The need for verifiable provisioning of hardware is significant for a variety of reasons, including the elimination/reduction of Sybil attacks, and of other forms of misrepresentation and abuse in the network.

Verifiable Hardware Provisioning

Verifiable hardware provisioning can be achieved in a variety of ways: by using schemes uniquely associated with particular types of hardware, by using access patterns and footprints associated with a particular make and model, and other ways. However, these schemes are dependent on hardware configurations and do not necessarily generalize well. In order to develop a scalable, universal solution, we take a trusted enclave (trusted execution environment) approach as follows:
Akash providers that intend to be “hardware verifiable” are equipped with a TEE, configured by Akash (such as Trusty [1], for more information on TEE, see tutorial [2]). Such a TEE contains a physically unclonable function (a PUF, see [3]) that can securely sign transactions. To ensure uniformity, this TEE will be designed to be a USB A/C dongle that can be attached to any hardware configuration.

We will verify that the USB A/C dongle can be attached to any hardware configuration and provide a detailed set of instructions to install and use this dongle to enable each provider to become “hardware verifiable” on Akash.

This TEE will periodically perform the following two tasks, based on an internal pseudo-random timer:

Identification task:

Following a pseudo-random clock, the TEE will query every GPU in the specific Akash provider on its status and device-level details.

Provisioning task:

Periodically and randomly, a random machine learning task will be assigned to the GPUs within this provider. These provisioning tasks are based on existing, well known benchmarks on the performance of GPUs to certain deep learning tasks, including particular types of models [4], more general deep learning models [5] and other tasks that are well known benchmarks on existing GPUs [6].

After the conclusion of each type of pseudorandomly repeated task, the TEE will securely sign the message, and will share the secure message with the Akash network.

The tasks are used to ensure the following properties:

Identification task:

The identification task sets up the base configuration for each GPU cluster, and assigns a unique signature associated with the TEE with that cluster. As the identification is performed at the operating system level, it can potentially be spoofed, and therefore, the provisioning/benchmarking tasks are required.

Provisioning task:

The provisioning/benchmarking tasks verifies the identification while simultaneously ensuring that the associated GPUs are dedicated for the Akash network and are not prioritizing other tasks. In case they are not provisioned for Akash network, they will fail the provisioning task.

A key point is that both the entire system (user, operating system) cannot differentiate between a provisioning/benchmarking tasks and a regular AI workload provided by the Akash network, and therefore cannot selectively serve a particular type of workload/task.

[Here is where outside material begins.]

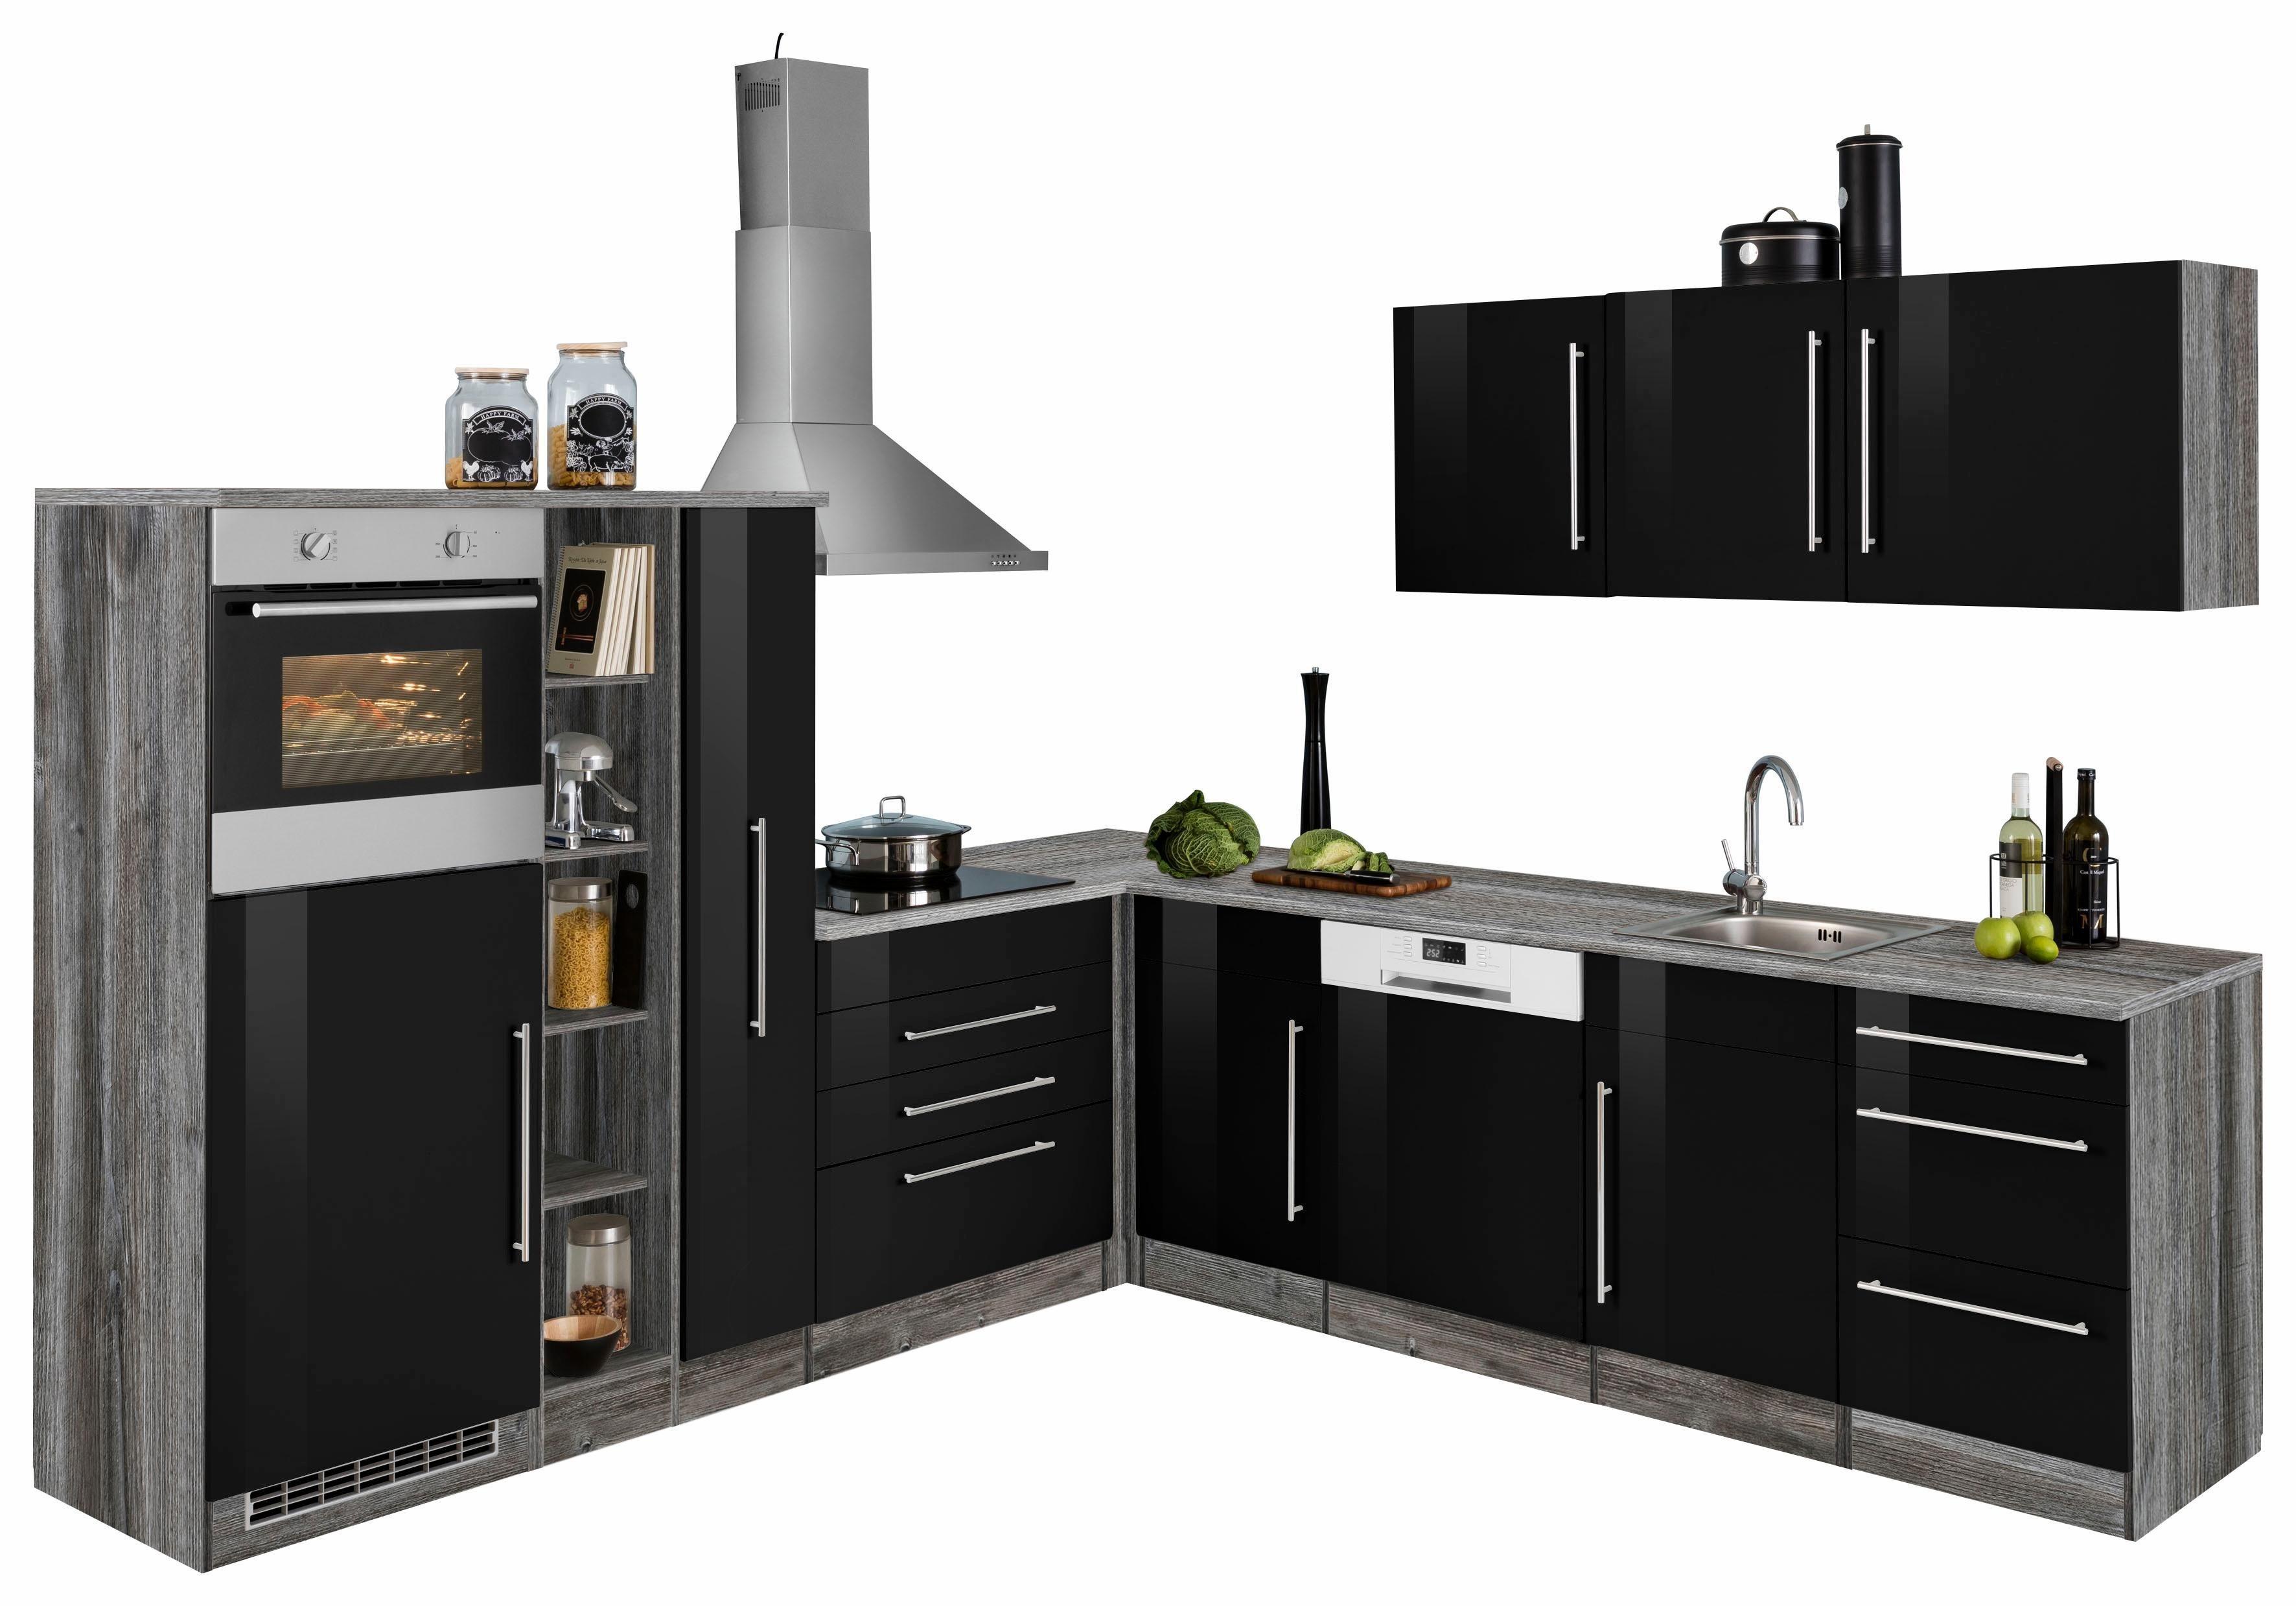 Küche und Esszimmer » Küchen online kaufen | Möbel-Suchmaschine ...

This ensures that the GPUs are both correctly identified and are made available to Akash network-centric tasks at all times.

Team

The team for this project is led by Prof. Sriram Vishwanath from The University of Texas, Austin. Sriram Vishwanath is a professor at The University of Texas, Austin and Shruti Raghavan is a PhD candidate in Computer Science at UT Austin. They are working together with the Harvard Medical School and MITRE on the design of new foundation/base models in healthcare, with causal learning incorporated into such a platform.

Sriram Vishwanath received the B. Tech. degree in Electrical Engineering from the Indian Institute of Technology (IIT), Madras, India in 1998, the M.S. degree in Electrical Engineering from California Institute of Technology (Caltech, Pasadena USA in 1999, and the Ph.D. degree in Electrical Engineering from Stanford University, Stanford, CA USA in 2003. Currently, he is Professor in the Chandra Department of Electrical and Computer Engineering at The University of Texas at Austin, and recently, a Technical Fellow for Distributed Systems and Machine Learning at MITRE Labs.

Timeline

The timeline for this project is as follows:
Open Discussions: Starting end of June 2024
Governance Proposal: Through first half of July, 2024
Design Phase: Through Q3 and Q4 2024
Hacknet TEE Phase: Q1 2025
Devent TEE Phase: Q2 2025
Conclusion of Hardware Provisioning testing and handover to Akash Team: End of Q2 2025
Note: This is subject to change based on feedback

Deliverables

Q3 2024 - High Level Design
Q4 2024 - Design Specification
Q1 2025 - Initial Hacknet Prototype
Q2 2025 - Devnet and Conclusion of Testing

Budget

The tentative budget for this project is presented in the spreadsheet attached here: https://docs.google.com/spreadsheets/d/1asmvyi5r7QgKRjsImZInAENXptr_cwoW/edit?usp=sharing&ouid=103645797398143147236&rtpof=true&sd=true).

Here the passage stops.